## Given material
━━━━━━━━━━━━━━━━━━━━

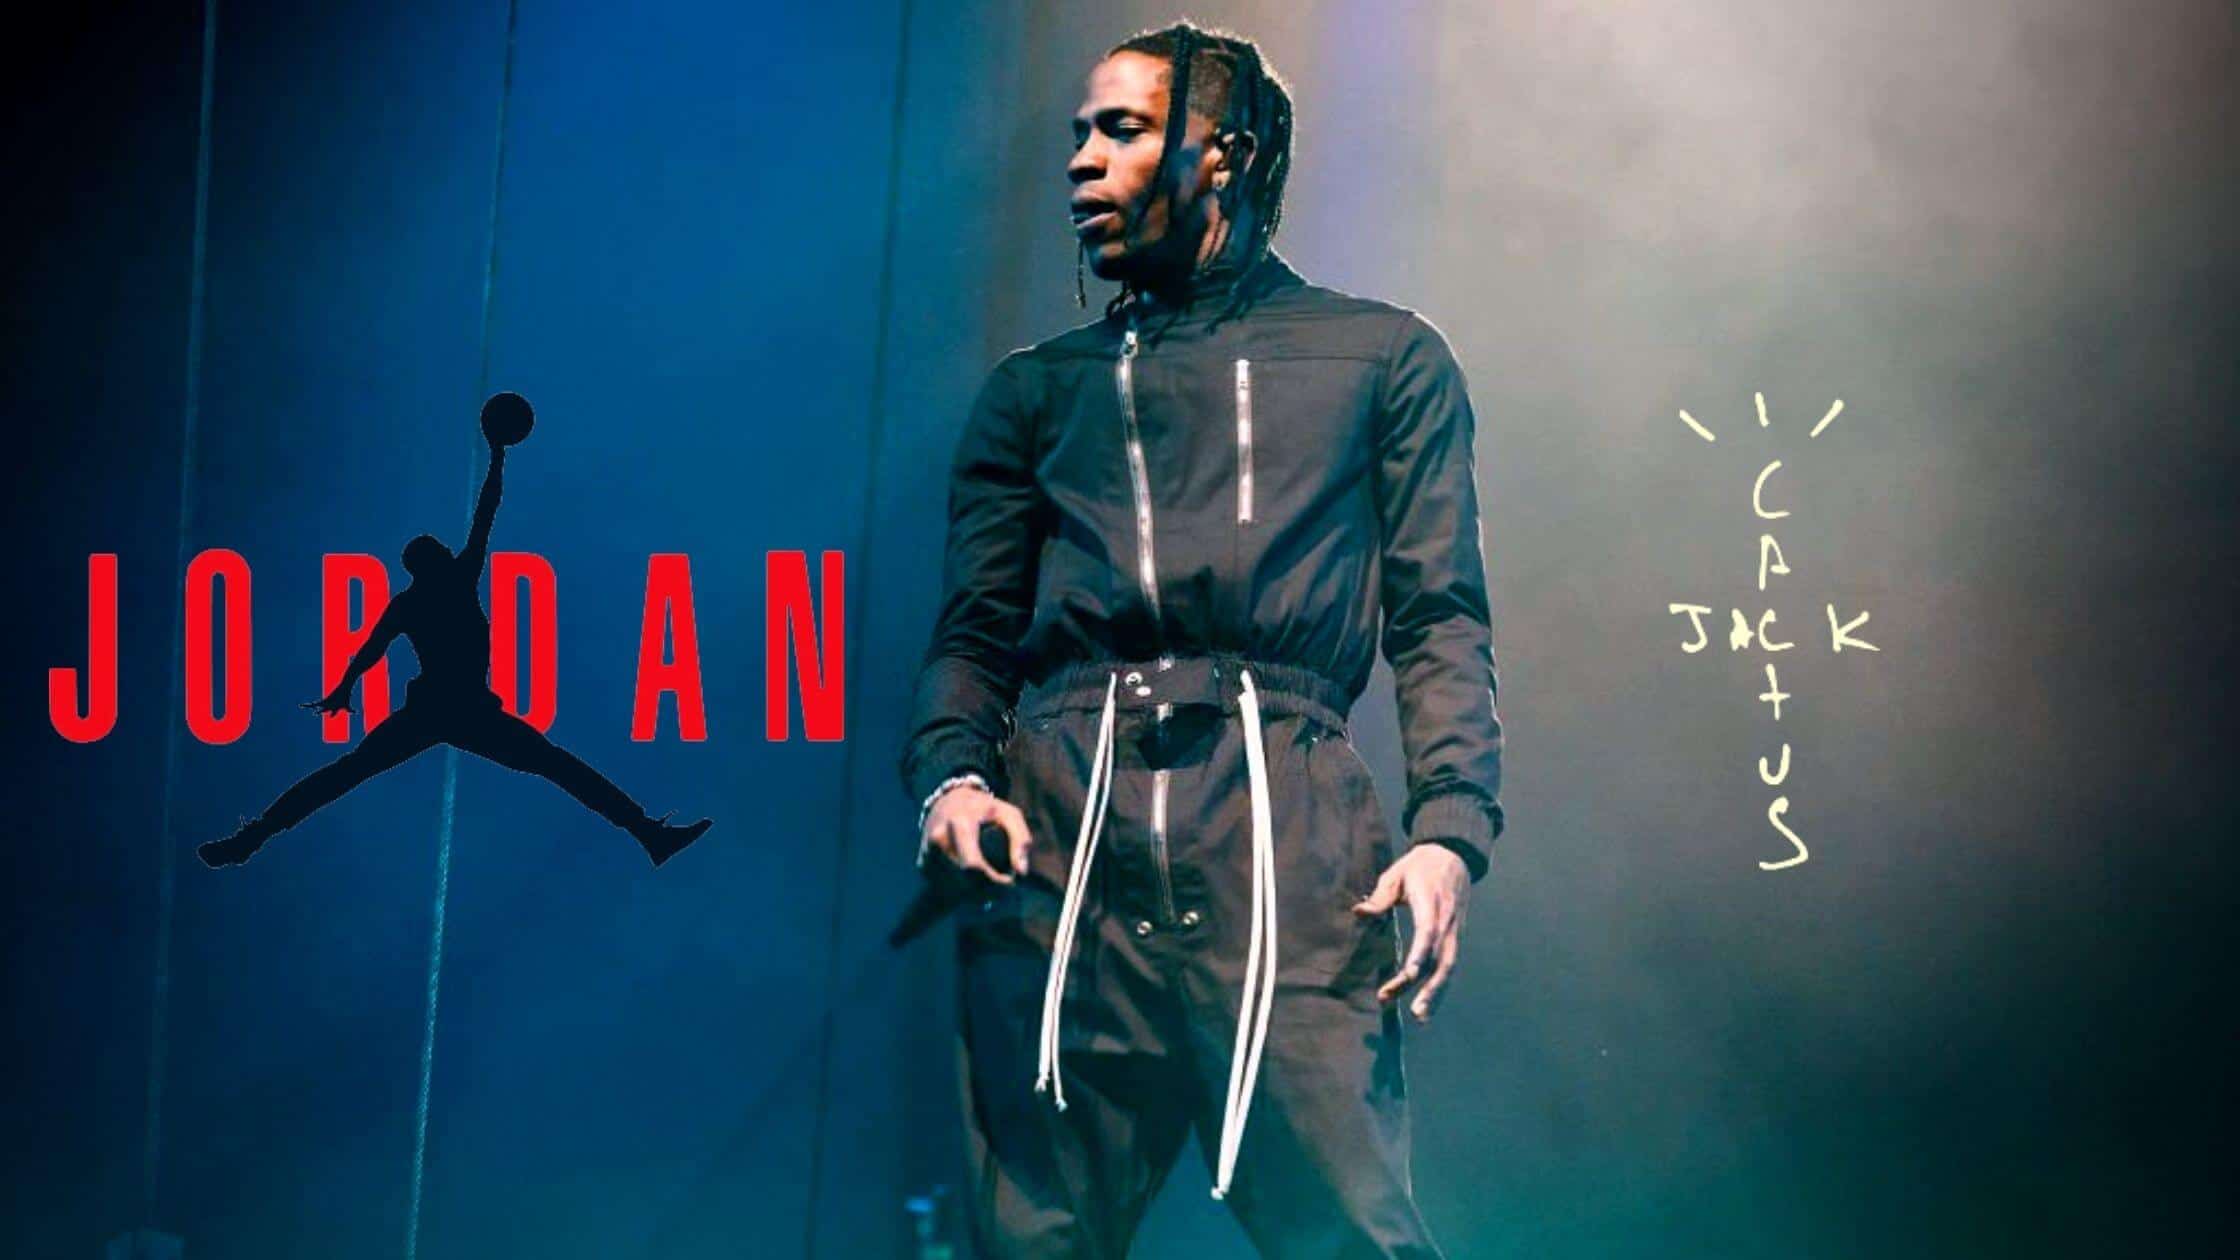 Travis Scott And Jordan Brand Launching A New Clothing Collection Together
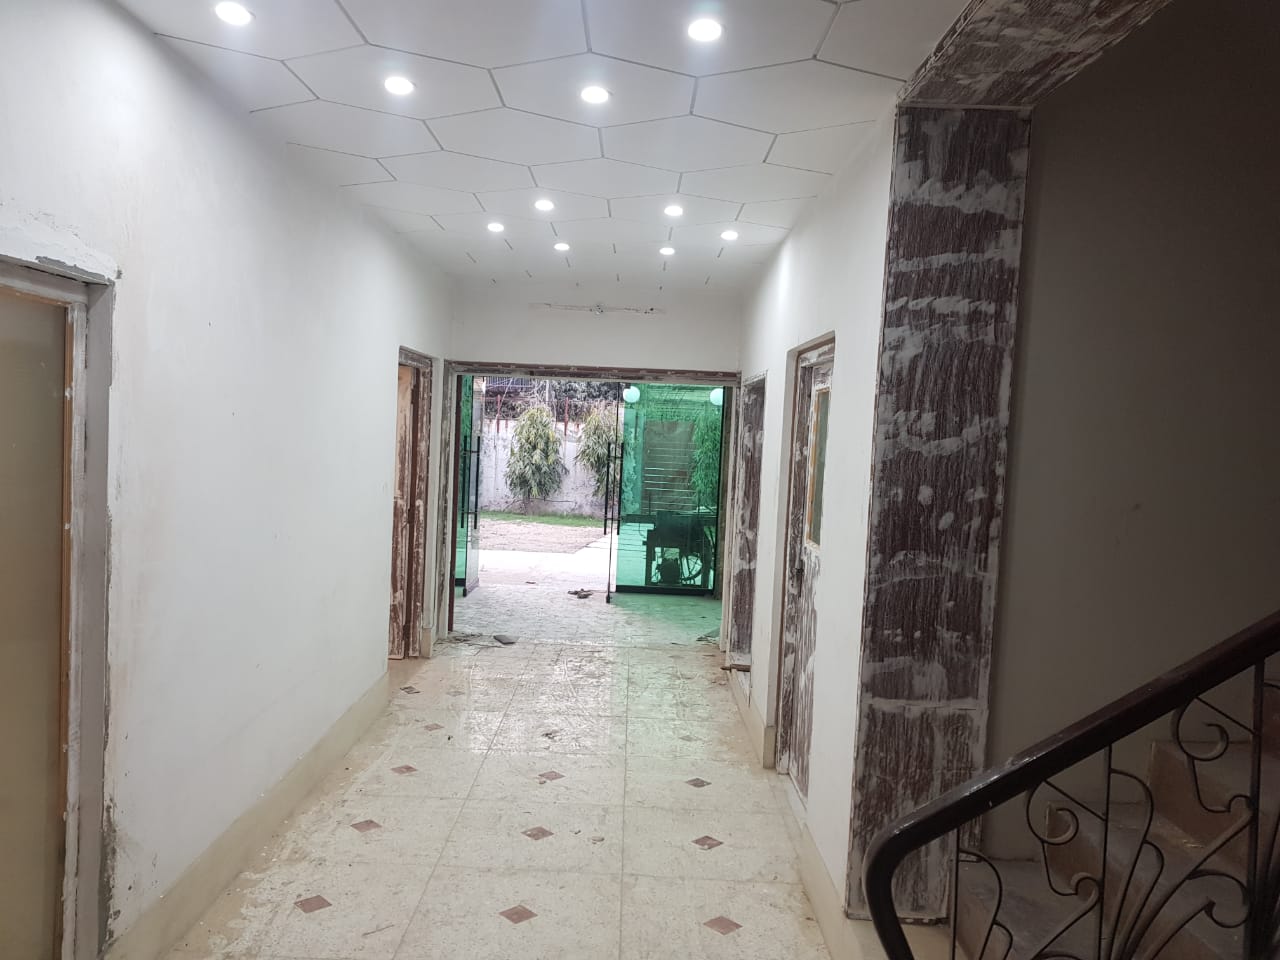 27 Marla Corner Semi Commercial Building for Rent At Peoples Colony, Faisalabad
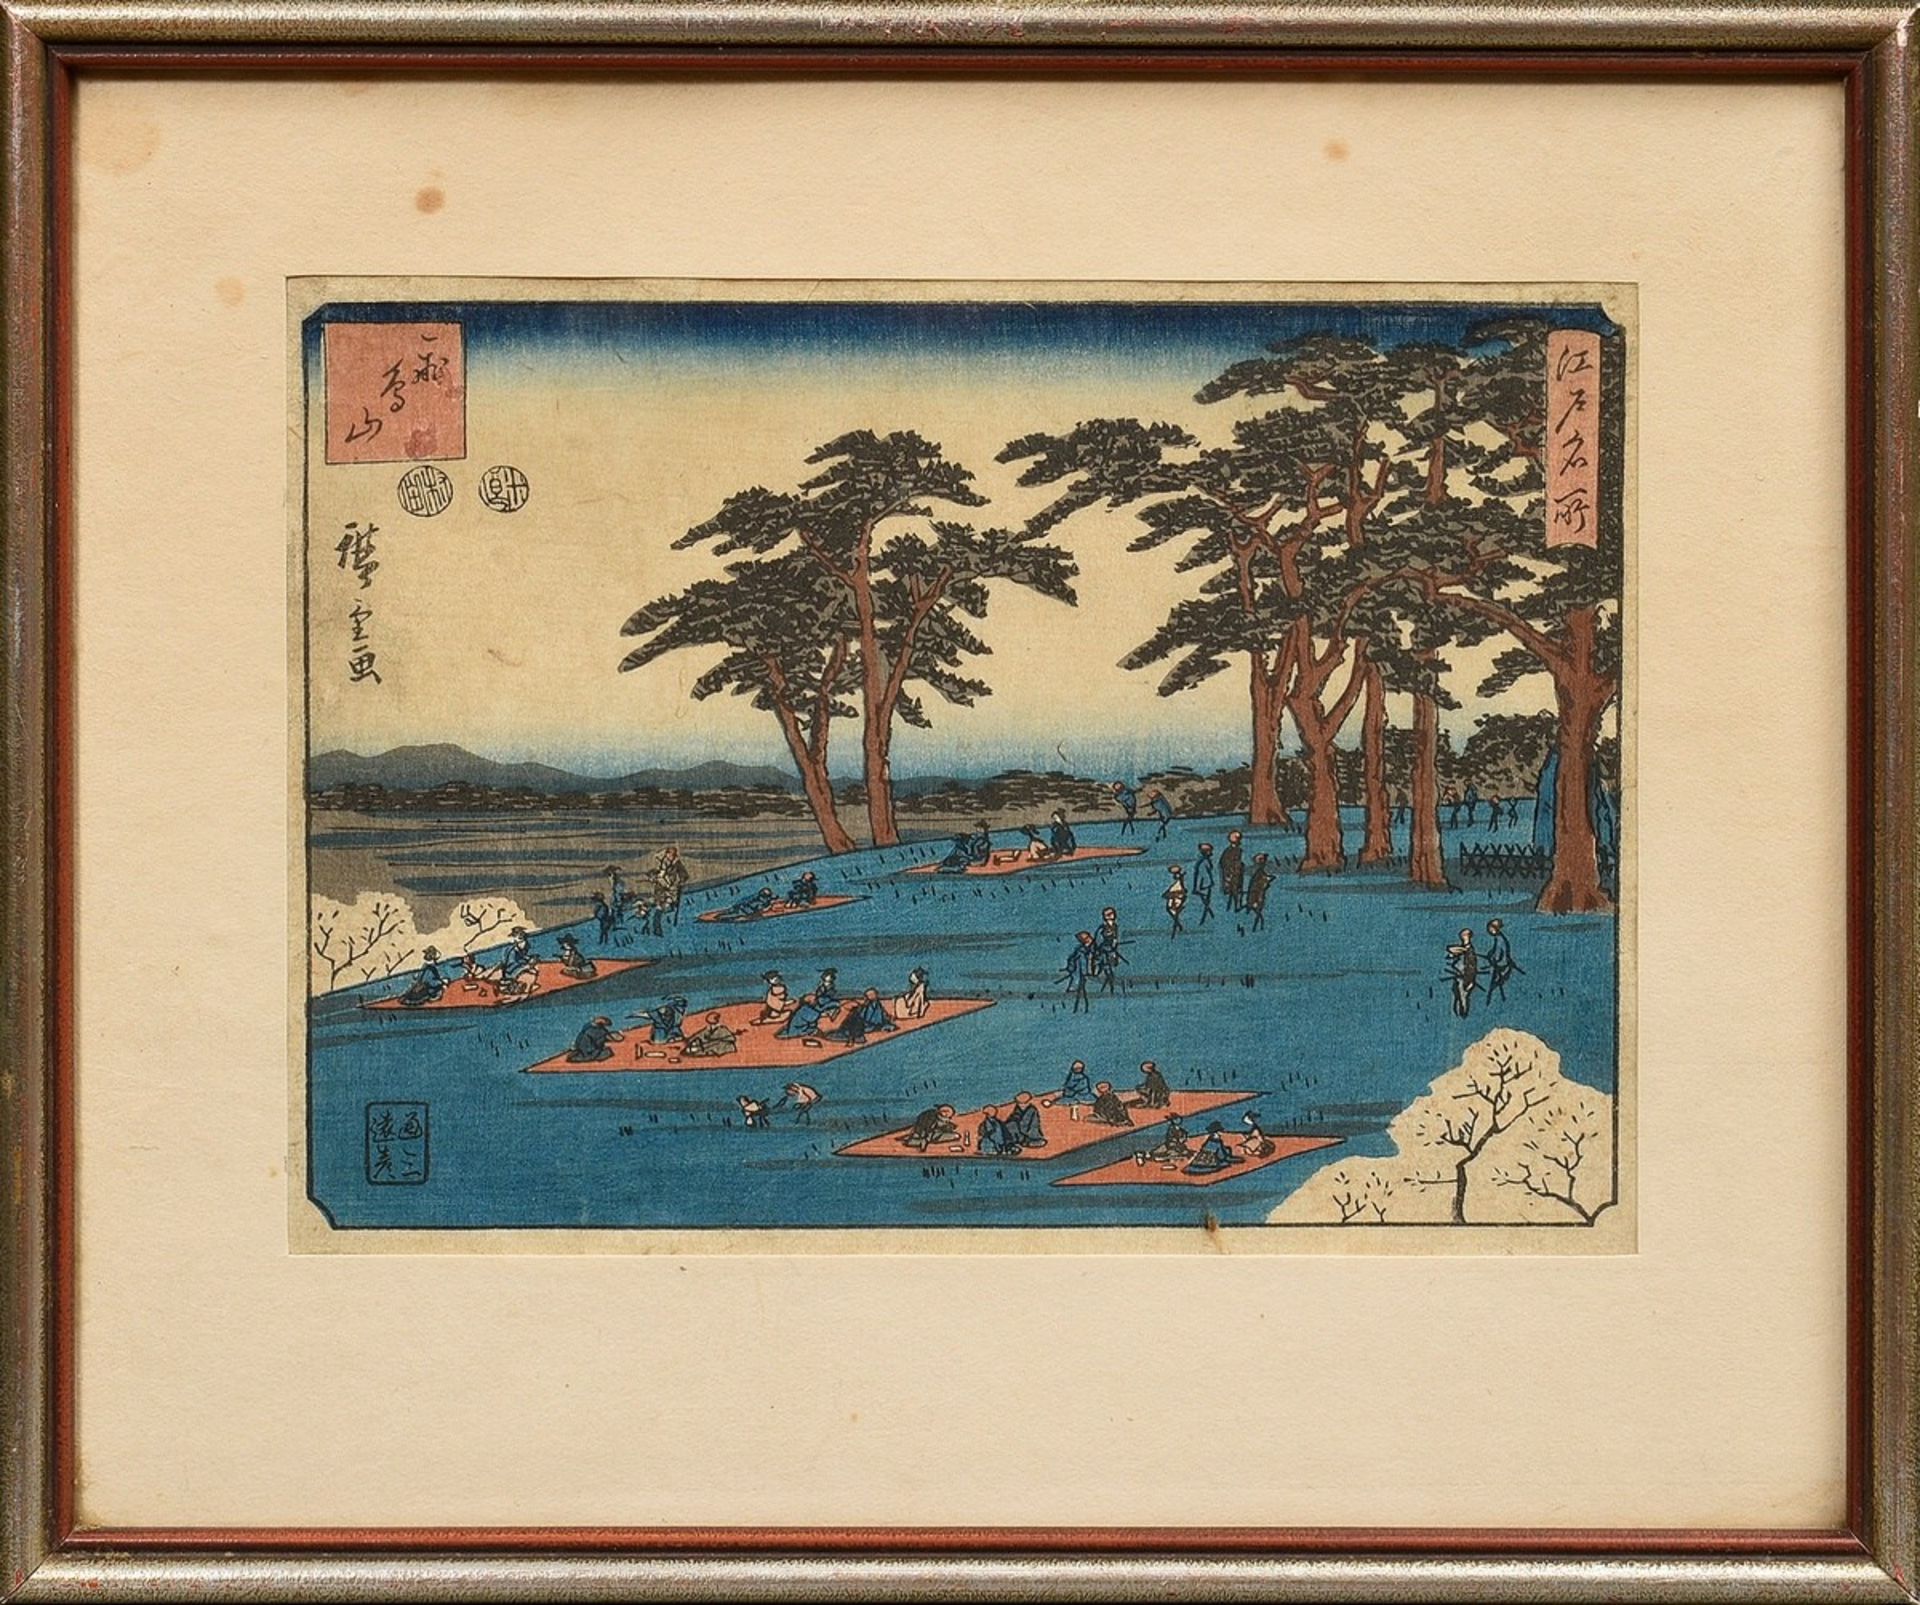 3 Andô Hiroshige (1797-1858) "Oiso" from the series Tôkaidô gojûsan tsugi (Of the 53 Stations of th - Image 10 of 11

━━━━━━━━━━━━━━━━━━━━

Please write every line above out exactly as given, except for any pictures.

## Task output
 Travis Scott And Jordan Brand Launching A New Clothing Collection Together
 27 Marla Corner Semi Commercial Building for Rent At Peoples Colony, Faisalabad
 3 Andô Hiroshige (1797-1858) "Oiso" from the series Tôkaidô gojûsan tsugi (Of the 53 Stations of th - Image 10 of 11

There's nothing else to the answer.